Encampment Rules and Guidelines
Welcome to the Municipality of Chatham-Kent’s survey on the possibility of rules and guidelines for where encampments should and should not be. As the housing & homelessness crisis grows, it is impacting all community members in some way, and we want to hear from you.
What’s happening now?
Communities across Canada have increasingly grappled with the need to find solutions that address the needs of both people living in encampments and the broader communities within which they exist. Homelessness and encampments continue to grow and are the result of several systemic failures including:
- a lack of affordable housing,
- frozen social assistance rates,
- insufficient mental health and addiction treatment services,
- limited accessible emergency shelter space,
- a broader lack of affordability for basic needs, and
- insufficient resources at a municipal level to address these issues.
Chatham-Kent’s current emergency shelter (Victoria Park Place) operated at 99% capacity on average in 2024, illustrating that there are simply not enough beds for the approximately 200 plus individuals experiencing homelessness in Chatham-Kent. The true solution is more housing options, and although there is progress in this area, building takes time and funding commitments from the provincial and federal governments. In recognition of this, the Municipality is enhancing the local response to unsheltered homelessness.
Chatham-Kent’s response follows guidance from important human rights documents and a legal decision from the Ontario Superior Court of Justice. This decision affects all municipalities in Ontario, finding that evicting encampment residents without offering truly accessible shelter spaces violates their rights under the Canadian Charter of Rights and Freedoms. This means that the Municipality of Chatham-Kent cannot remove people who are experiencing homelessness unless alternative options are provided or there are compelling safety concerns.
Chatham-Kent is seeking a consistent approach to better determine what areas are suitable for an encampment, and what areas are not, to reduce the harms that this crisis is having on the entire community, including for those living in encampments. By recognizing that this problem cannot be solved by enforcement, we are seeking a harm reduction approach that recognizes the reality of encampments while also reducing the harms that they can create without any rules or guidelines/expectations.
What is the Municipality of Chatham-Kent’s role?
The Municipality of Chatham-Kent does:
- Serve as the Service Manager for the Province of Ontario for Housing and Homelessness programs.
- Receive limited funding to provide services across the housing continuum.
- Additionally, the Municipality has been funding emergency housing out of Municipal reserves as the funding received from the province is not nearly enough to meet the growing need.
The Municipality does not:
- Set social assistance rates which have been frozen for people relying on Ontario Works since 2018 - that is approximately 2,400 Chatham-Kent households. Every month these households move one step closer to homelessness as they cannot afford their rent or basic needs, such as food and supplies for hygiene.
- Manage or deliver mental health or substance use programming. The waitlists to access these vital treatment services are often over six months long. Currently, when someone acknowledges that they need help and they want to access treatment, they are faced with several month long waits which is not conducive to successful recoveries.

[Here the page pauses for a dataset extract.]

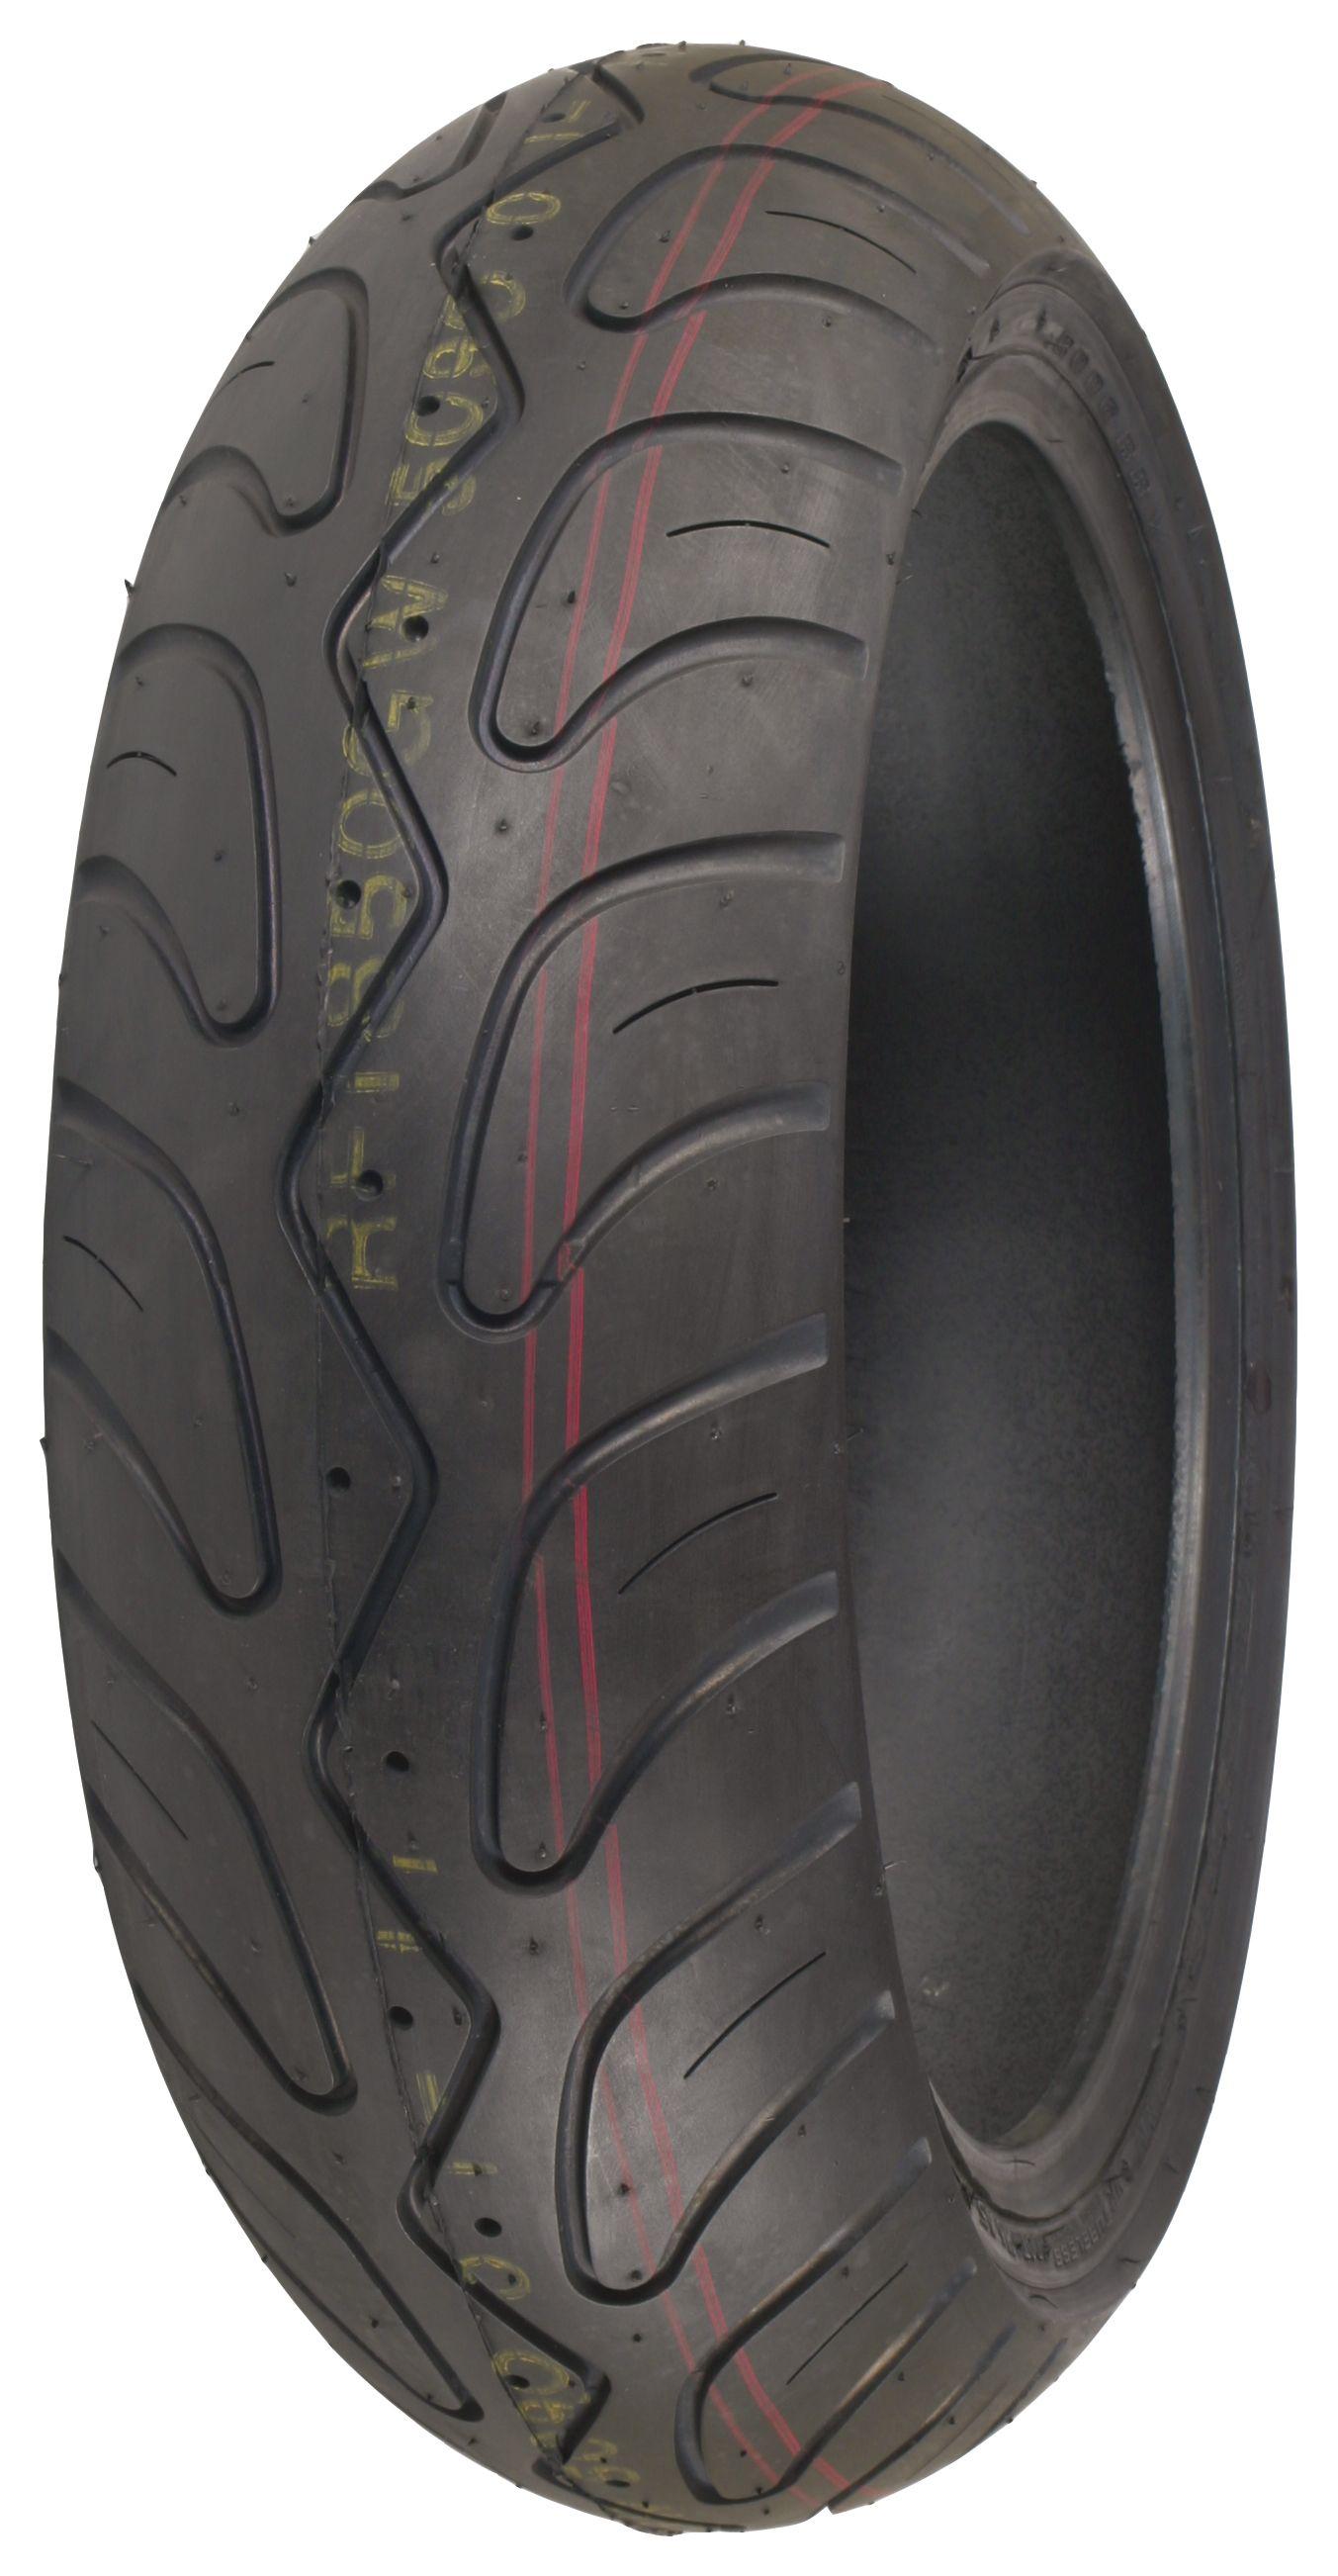 Snow Dirt Bike >> Shinko 006 Podium Rear Tires | 23% ($28.24) Off! - RevZilla

These are just some of the examples that illustrate the complexity of the situation happening across the province and why the Municipality is not equipped, nor does it have the authority, to resolve this crisis on its own.
Our goal is not to secure consensus on rules and guidelines but rather to improve our recommendations to Council that balances a variety of experiences and rights. Homelessness as well as the opioid crisis is impacting a growing number of Chatham-Kent residents and business owners, but it is having a far superior impact on the people directly living in this crisis. Every day is a matter of life and death for people living in encampments. Finding an improved path forward to reduce harms while helping people get the treatment and support services that they need remains our priority.